Number 2 in the Mindfulness Essentials series by Zen teacher Thich Nhat Hanh, How to Eat hits westerners especially in a vulnerable spot: meal time.
See, we have lots on our minds, and eating doesn't change that much. As families, we often don't eat together. We eat FAST food. We eat in our cars, on our couches, while cooking or talking.
We eat too fast. We eat too much. We eat foods that don't exactly help our planet.
If simplicity and slowing down to focus are important concepts to remember while sitting, loving, walking, and relaxing (the other four "essentials"), they certainly bear watching in regards to our favorite pastime, eating.
As Hanh points out, there are TVs and then there are TVs in our minds. Both distract us while we eat our food.
Although he never uses the word, "scarf" is appropriate slanguage for the favorite way we eat our food. At least that's true of me. Yum-yum and it's gone! I'm "famished," after all (never mind, unlike a sizable chunk of the world's and my own country's population, I don't even know what "famished" means).
No, no, no. Rewind. Reset. Sit and take breaths before you eat that dish before you.
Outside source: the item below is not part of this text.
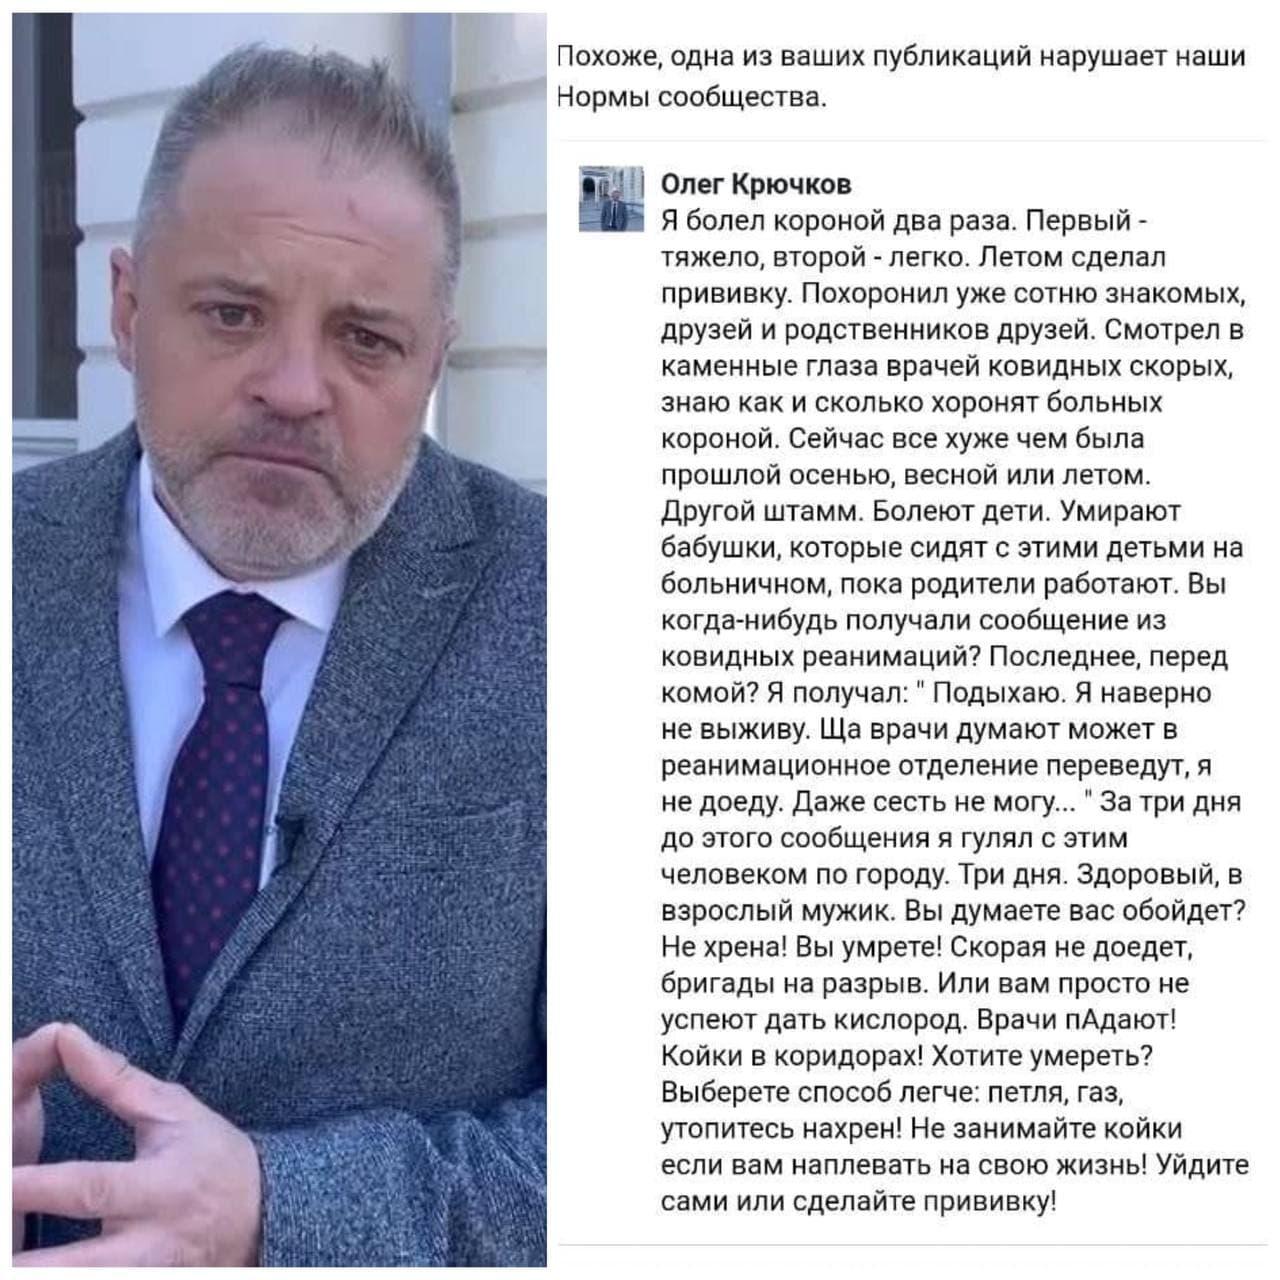 Советник губернатора Крыма призвал невакцинированных удавиться в петле и отравиться газом

Really look at it and smell it. Consider its history (world in which it grew, farmers who planted it, workers who harvested it, drivers who transported it). Be appreciative.
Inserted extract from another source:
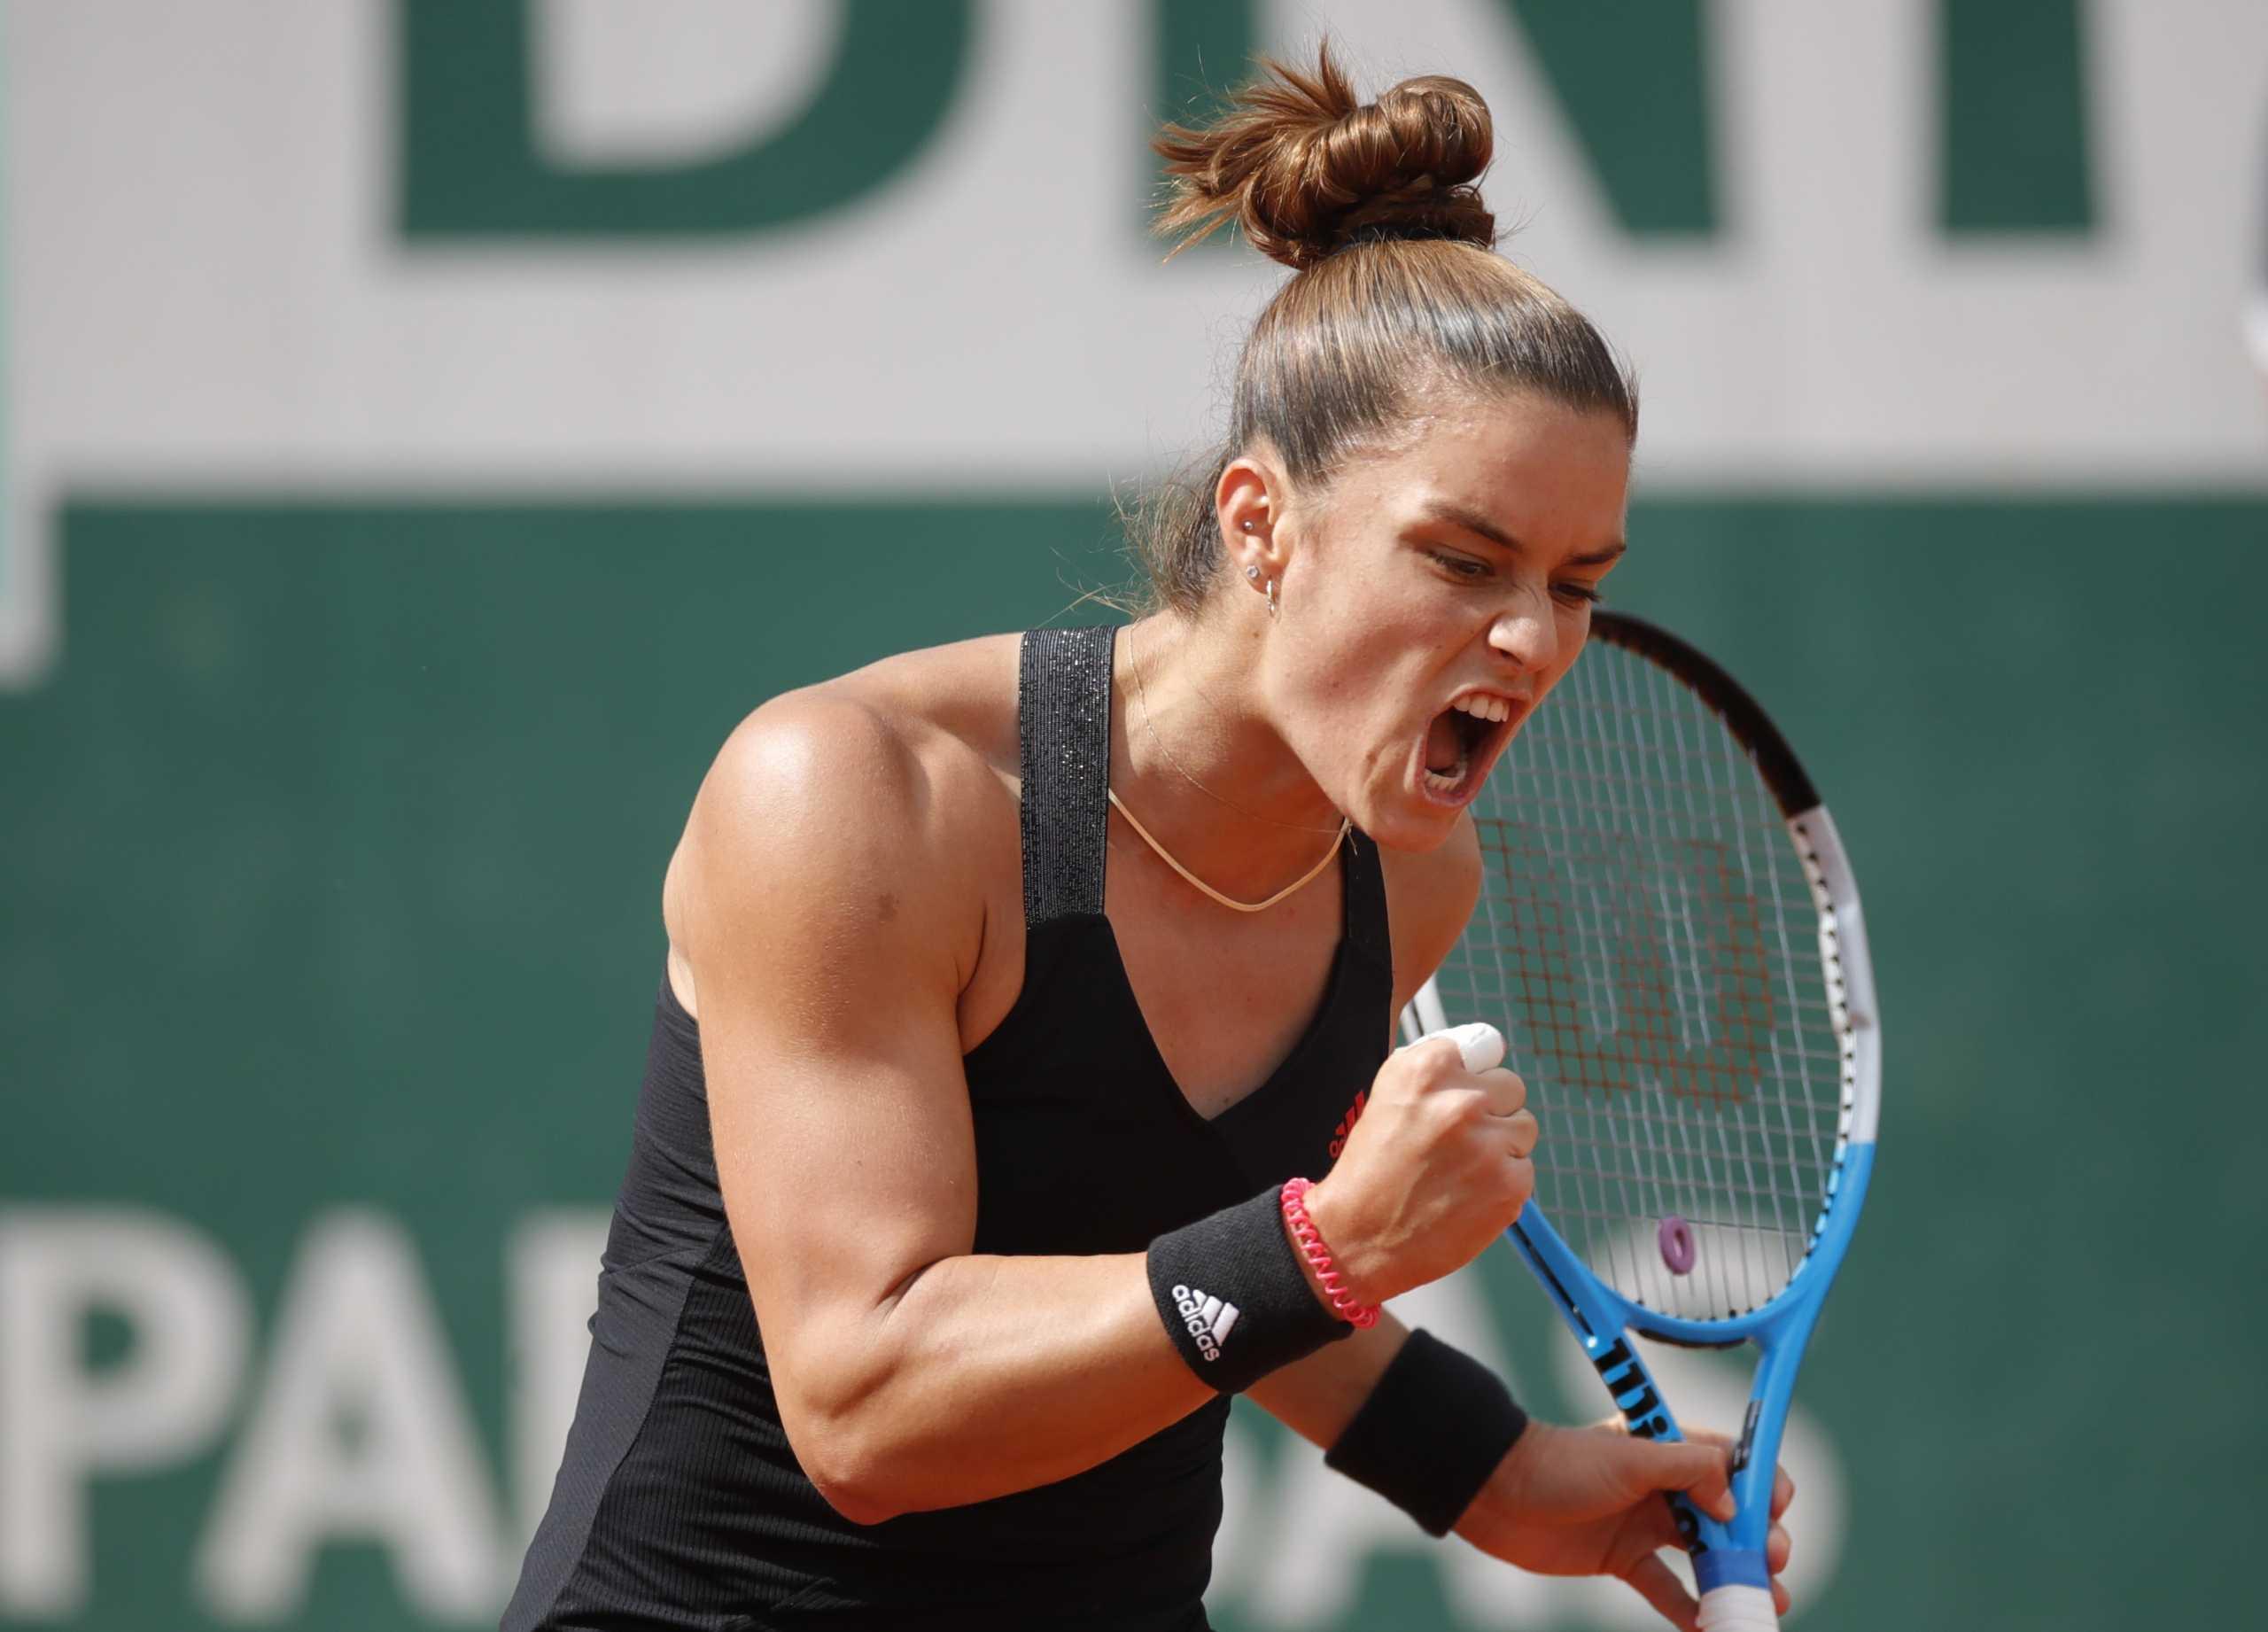 Απίστευτη Μαρία Σάκκαρη, διέλυσε την Κένιν και προκρίθηκε στα προημιτελικά του Roland Garros

Take a bite and truly focus on the taste. Put your spoon down and eat it slowly before you go for another. Really know this food!
Hanh even touts the meditative wonders of dishwashing! (This I can appreciate. Often in life, I've found myself thinking deep thoughts while mowing the lawn or shoveling snow off the walk.)
Hanh recommends occasional silent meals, even when seated with your family or a group. He feels you are there for each other, smiling, eating slowly, eating in moderation, etc.
Hanh's FIVE CONTEMPLATIONS sum it up nicely:
1. This food is a gift of the Earth, the sky, numerous living beings, and much hard and loving work.
2. May we eat with mindfulness and gratitude so as to be worthy to receive this food.
3. May we recognize and transform unwholesome mental formation, especially our greed, and learn to eat with moderation.
4. May we keep our compassion alive by eating in such a way that reduces the suffering of living beings, stops contributing to climate change, and heals and preserves our precious planet.
5. We accept this food so that we may nurture our brotherhood and sisterhood, build our community, and nourish our ideal of serving all living beings.